Some layers of TFRobertaForSequenceClassification were not initialized from the model checkpoint at vinai/bertweet-base and are newly initialized: ['classifier']
You should probably TRAIN this model on a down-stream task to be able to use it for predictions and inference.


Finally it's time to compile and train!

In [18]:
bertweet.compile(
    optimizer = optimizer,
    loss = tf.keras.losses.SparseCategoricalCrossentropy(from_logits=True),
    metrics = [tf.metrics.SparseCategoricalAccuracy(), coral.MeanAbsoluteErrorLabels()],
)

bertweet.fit(tf_train_dataset, validation_data=tf_validation_dataset, epochs=num_epochs)

Epoch 1/3
Instructions for updating:
The `validate_indices` argument has no effect. Indices are always validated on CPU and never validated on GPU.
Epoch 2/3
Epoch 3/3


<tensorflow.python.keras.callbacks.History at 0x166a812e9a0>

Judging from the validation loss figures, three epochs is a reasonable choice before the model starts to overfit.
Now let's convert the tokenized test split to be compatible with TensorFlow and then evaluate the model.

In [20]:
tf_test_dataset = tokenized_dataset['test'].to_tf_dataset(
    columns=["attention_mask", "input_ids", "token_type_ids"],
    label_cols=["label"],
    shuffle=False,
    collate_fn=data_collator,
    batch_size=8,
)

In [21]:
bertweet.evaluate(tf_test_dataset)



[0.6388965249061584, 0.718984067440033, 0.92236328125]

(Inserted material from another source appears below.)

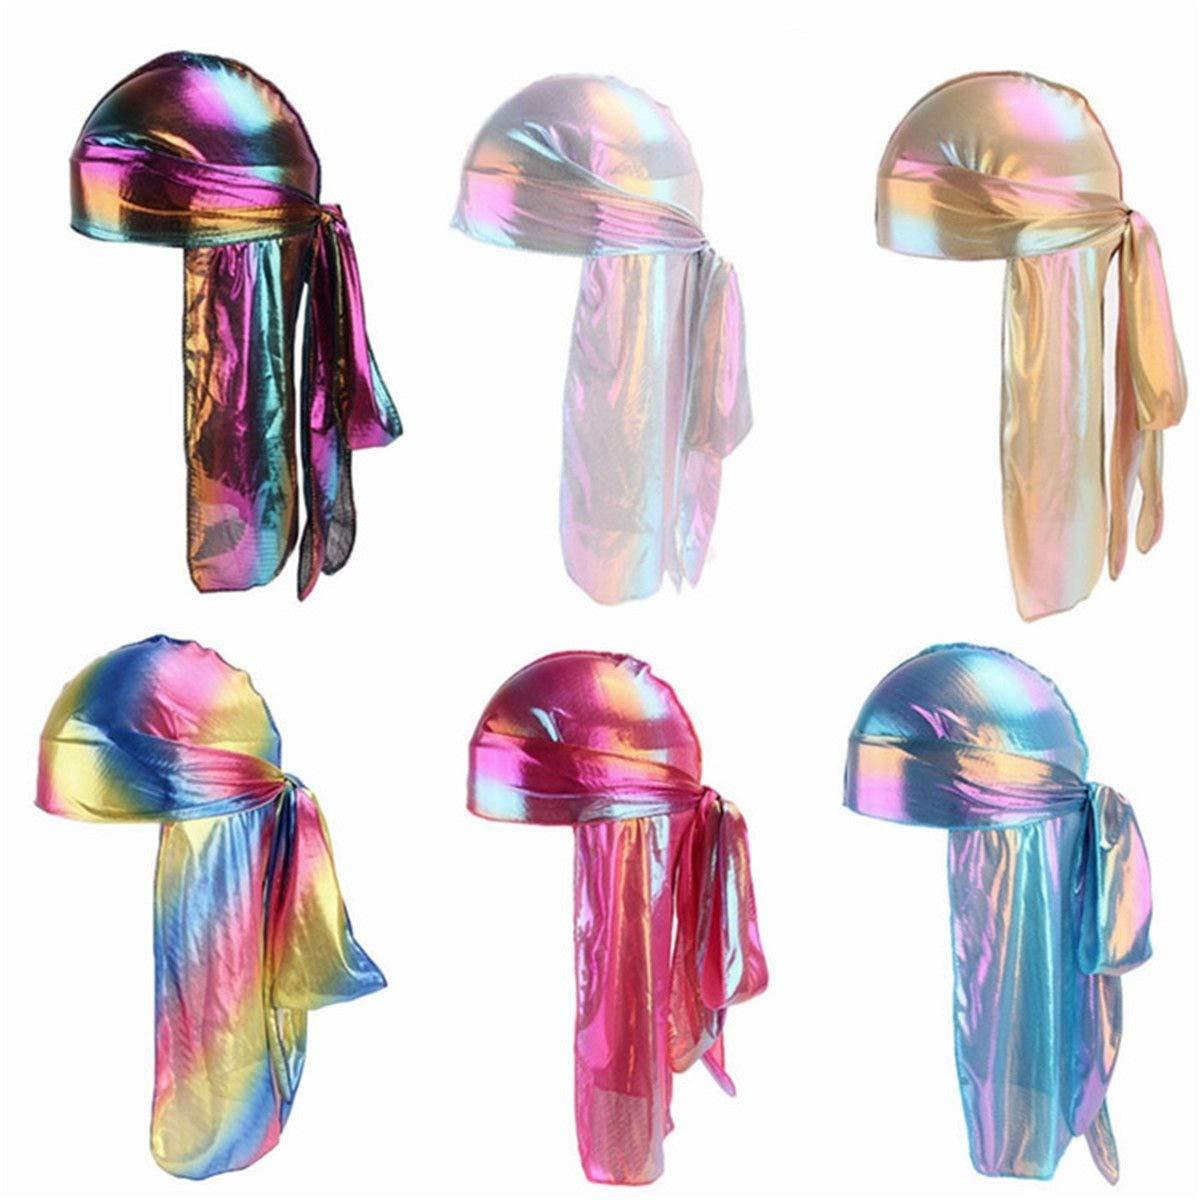 Inverlee Men/Women Silk Polyester Bandana Hat Durag Rag Tail Headwrap Headwear Gift by Inverlee (Image #2)

The bertweet model achieves 0.7190 accuracy on the test split, not too bad of a stepdown from the performance on the 
training and validation splits, and comparable with other BERT-based sentiment classification models. We can try training
for another epoch and see what effect that might have on performance.

In [22]:
bertweet.fit(tf_train_dataset, validation_data=tf_validation_dataset, epochs=1)



<tensorflow.python.keras.callbacks.History at 0x166eb7ceb20>

In [23]:
bertweet.evaluate(tf_test_dataset)



[0.6388965249061584, 0.718984067440033, 0.92236328125]

There was no improvement in performance after the additional training epoch.

In [24]:
bertweet.save_pretrained("./models/bertweet_simple/")

In [26]:
from transformers import AutoModel

bertweet_load_test = AutoModel.from_pretrained("./models/bertweet_simple/", from_tf=True)

All TF 2.0 model weights were used when initializing RobertaModel.

All the weights of RobertaModel were initialized from the TF 2.0 model.
If your task is similar to the task the model of the checkpoint was trained on, you can already use RobertaModel for predictions without further training.